■ What is needed
Output everything in the data exactly, leaving the pictures out.

■ Information provided
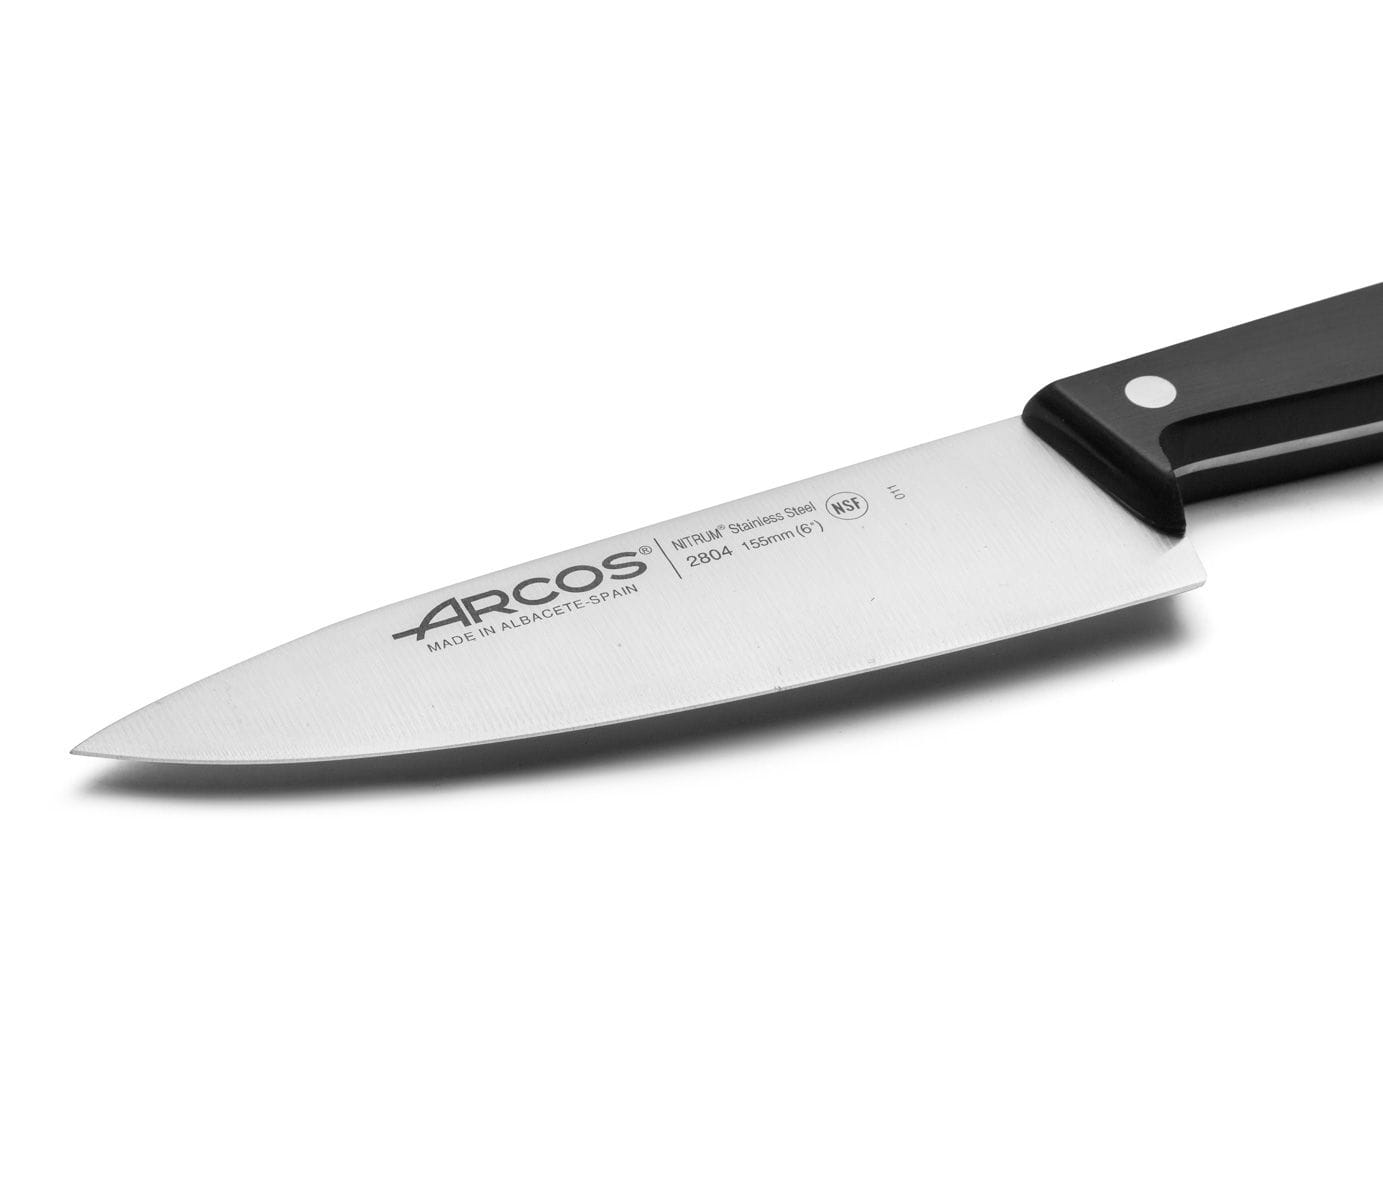 ARCOS 285800 - Juego de 2 Cuchillos de Cocina Profesionales
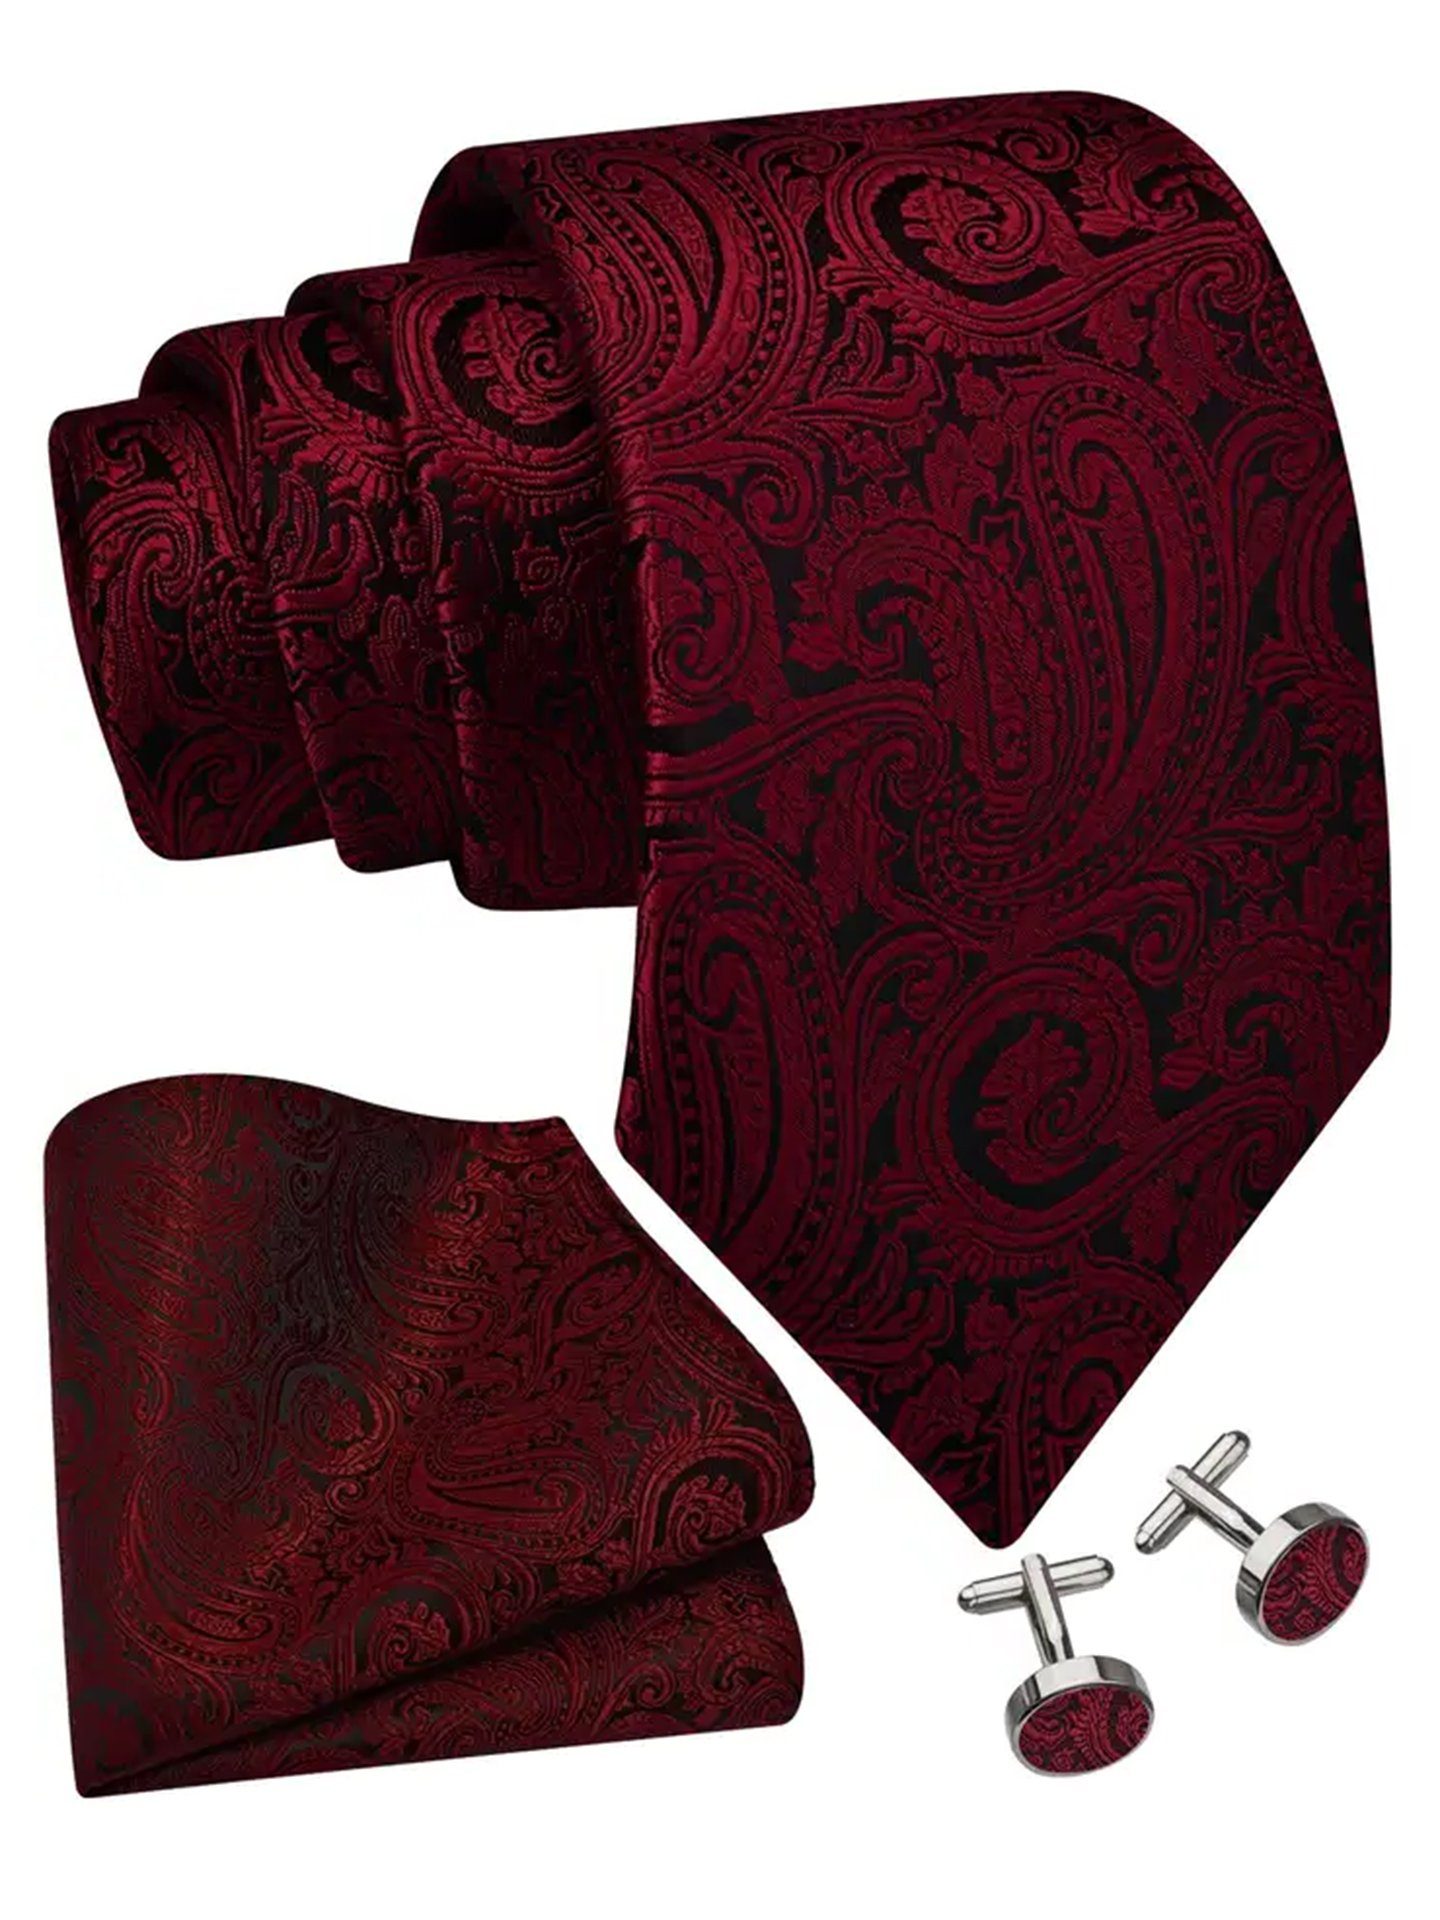 Dessins Manschettenknöpfe, sich Moschen-Bayern Sie in + + schönen Krawatten-Set - Krawatten Krawatte Krawatte unseren Seide Seidenkrawatte Herrenkrawatte selbst von Trachtenkrawatte Krawatte Einstecktuch Rot edlen Überzeugen
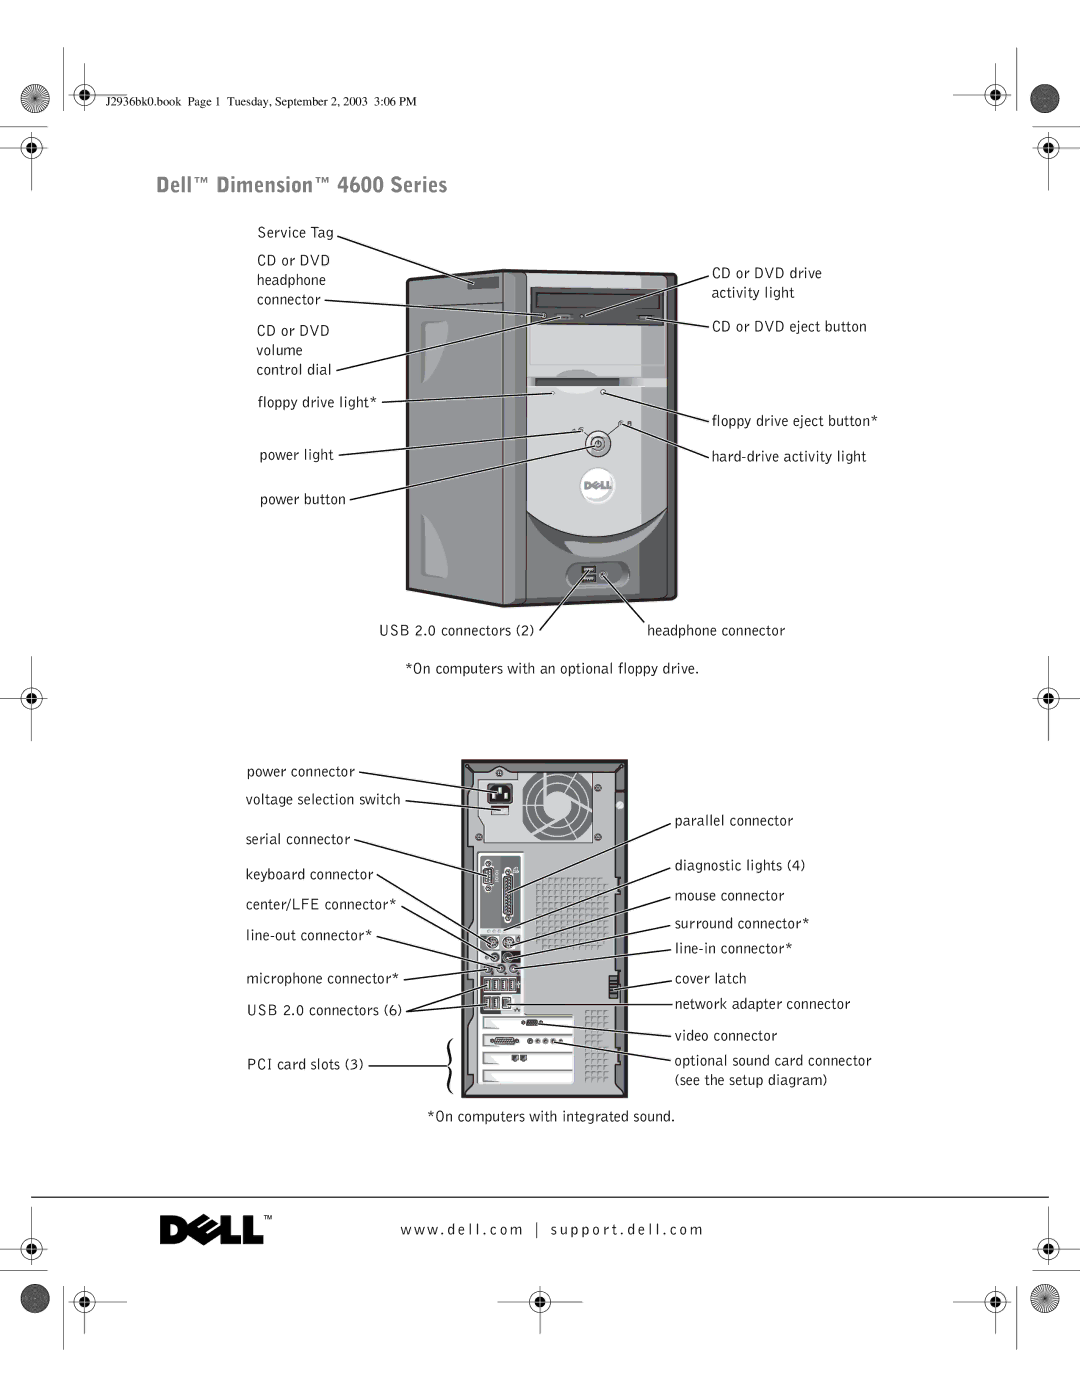 Dell J2936 manual Dell Dimension 4600 Series

■ Your response
 ARCOS 285800 - Juego de 2 Cuchillos de Cocina Profesionales
 Dessins Manschettenknöpfe, sich Moschen-Bayern Sie in + + schönen Krawatten-Set - Krawatten Krawatte Krawatte unseren Seide Seidenkrawatte Herrenkrawatte selbst von Trachtenkrawatte Krawatte Einstecktuch Rot edlen Überzeugen
 Dell J2936 manual Dell Dimension 4600 Series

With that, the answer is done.